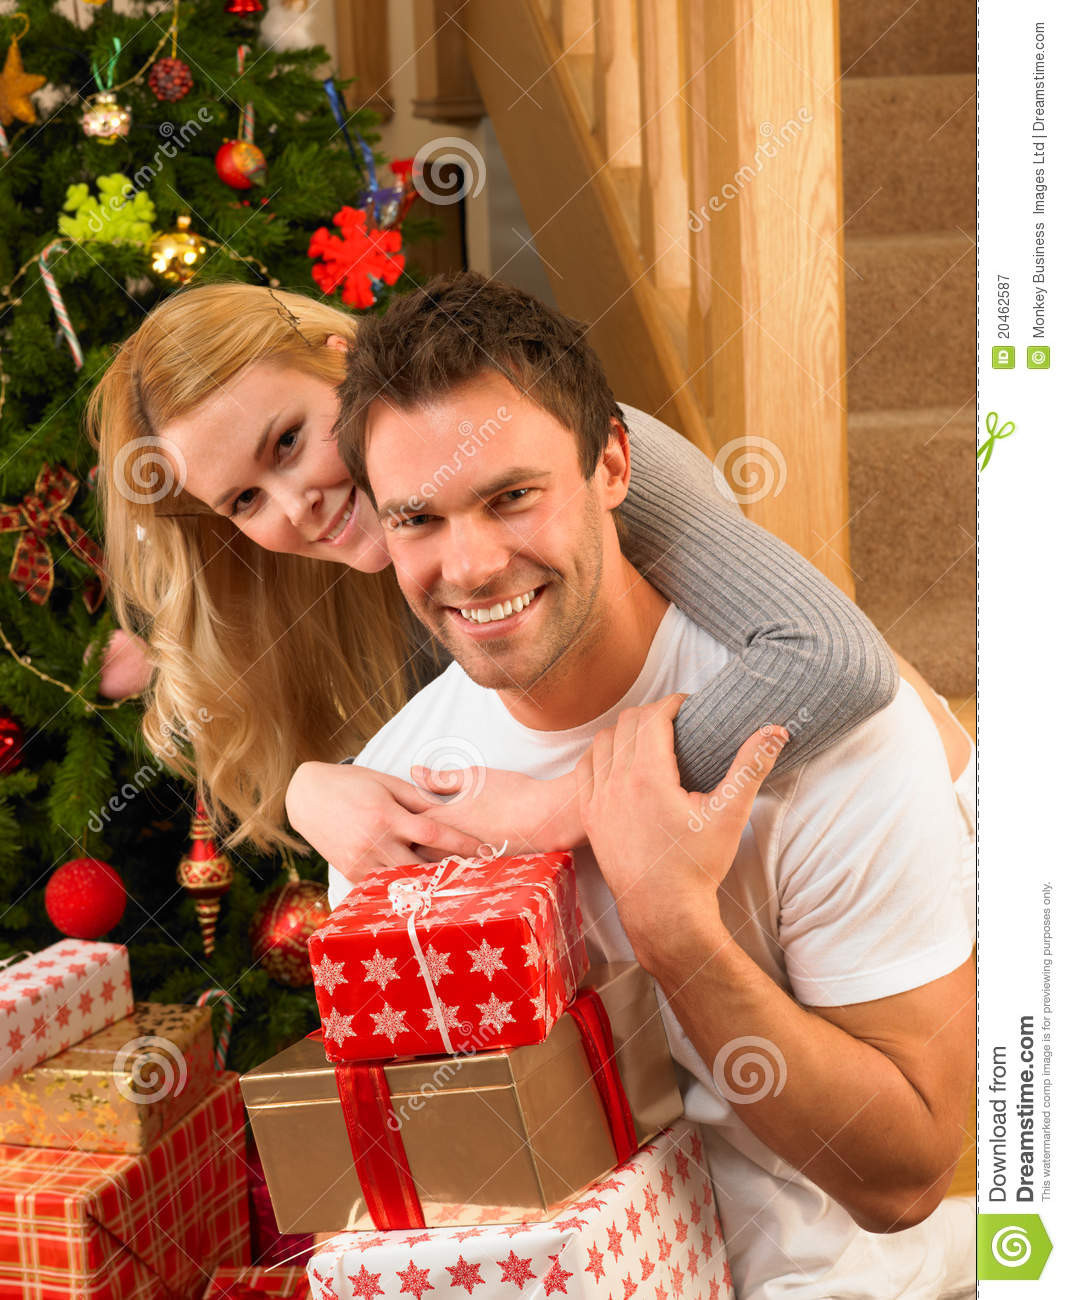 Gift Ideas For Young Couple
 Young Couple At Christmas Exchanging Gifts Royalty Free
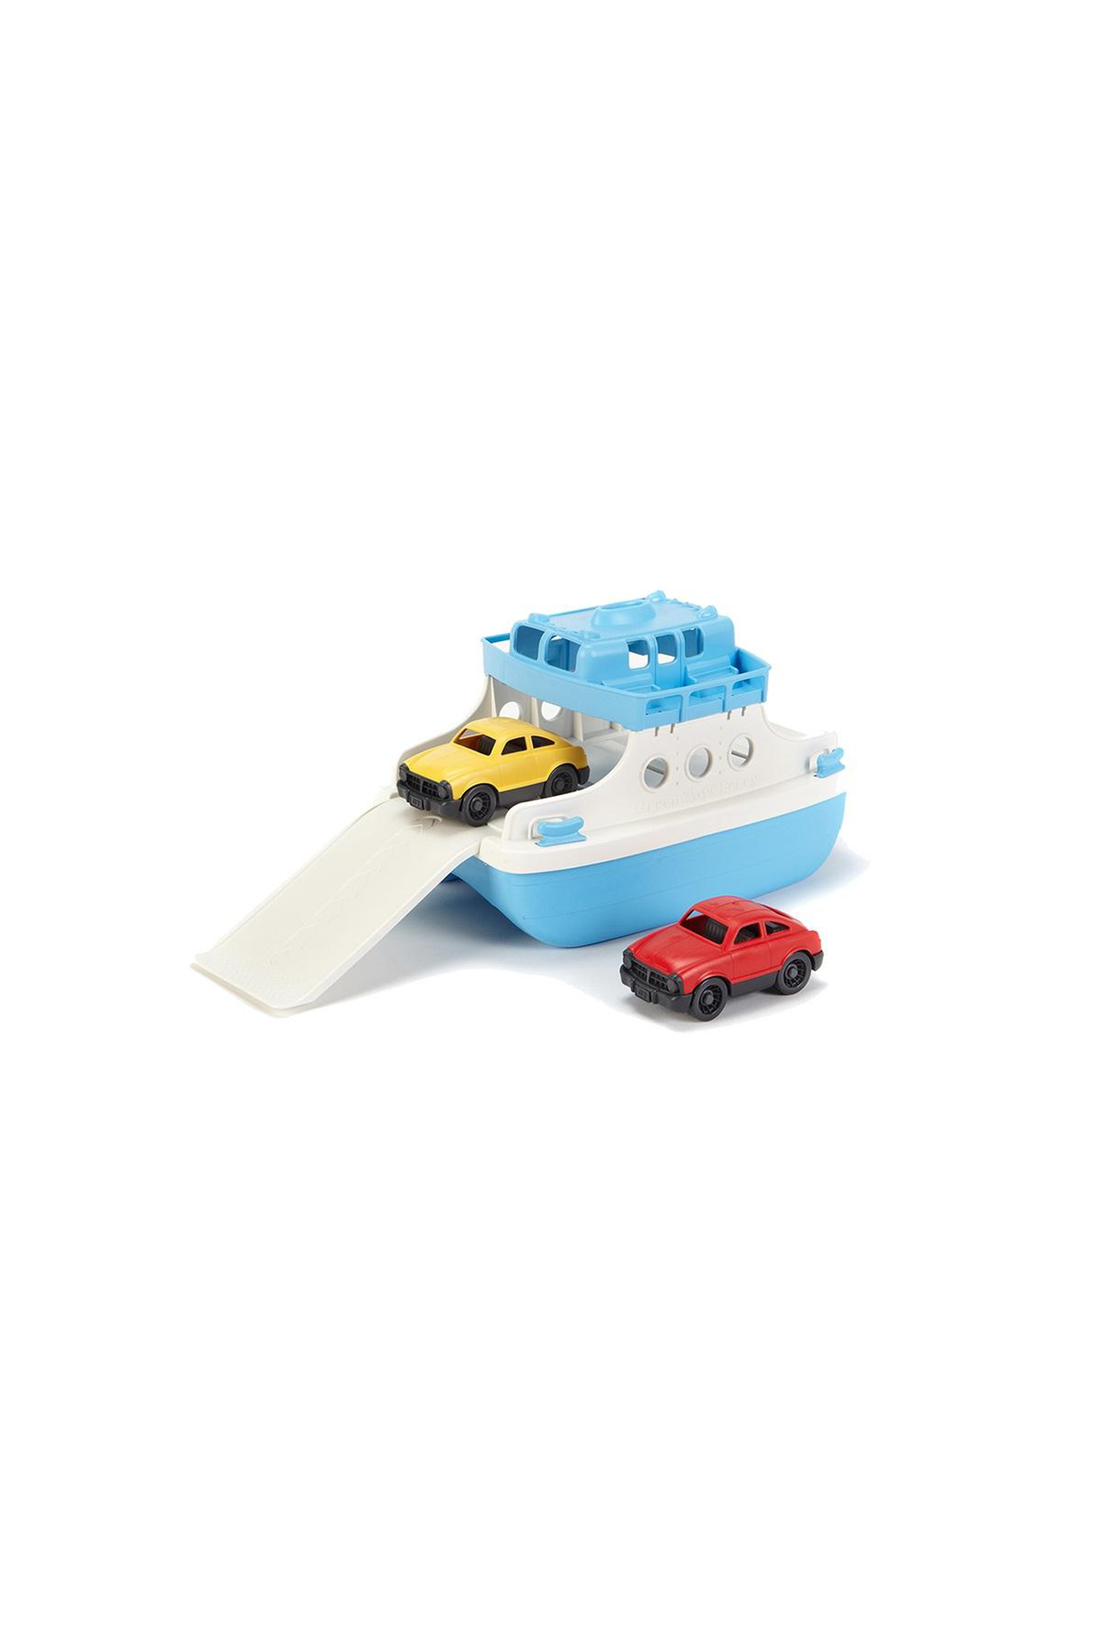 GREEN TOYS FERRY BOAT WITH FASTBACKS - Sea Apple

■ **Task to complete**
Output each line above exactly. Skip the images.

■ **Solved problem**
 Gift Ideas For Young Couple
 Young Couple At Christmas Exchanging Gifts Royalty Free
 GREEN TOYS FERRY BOAT WITH FASTBACKS - Sea Apple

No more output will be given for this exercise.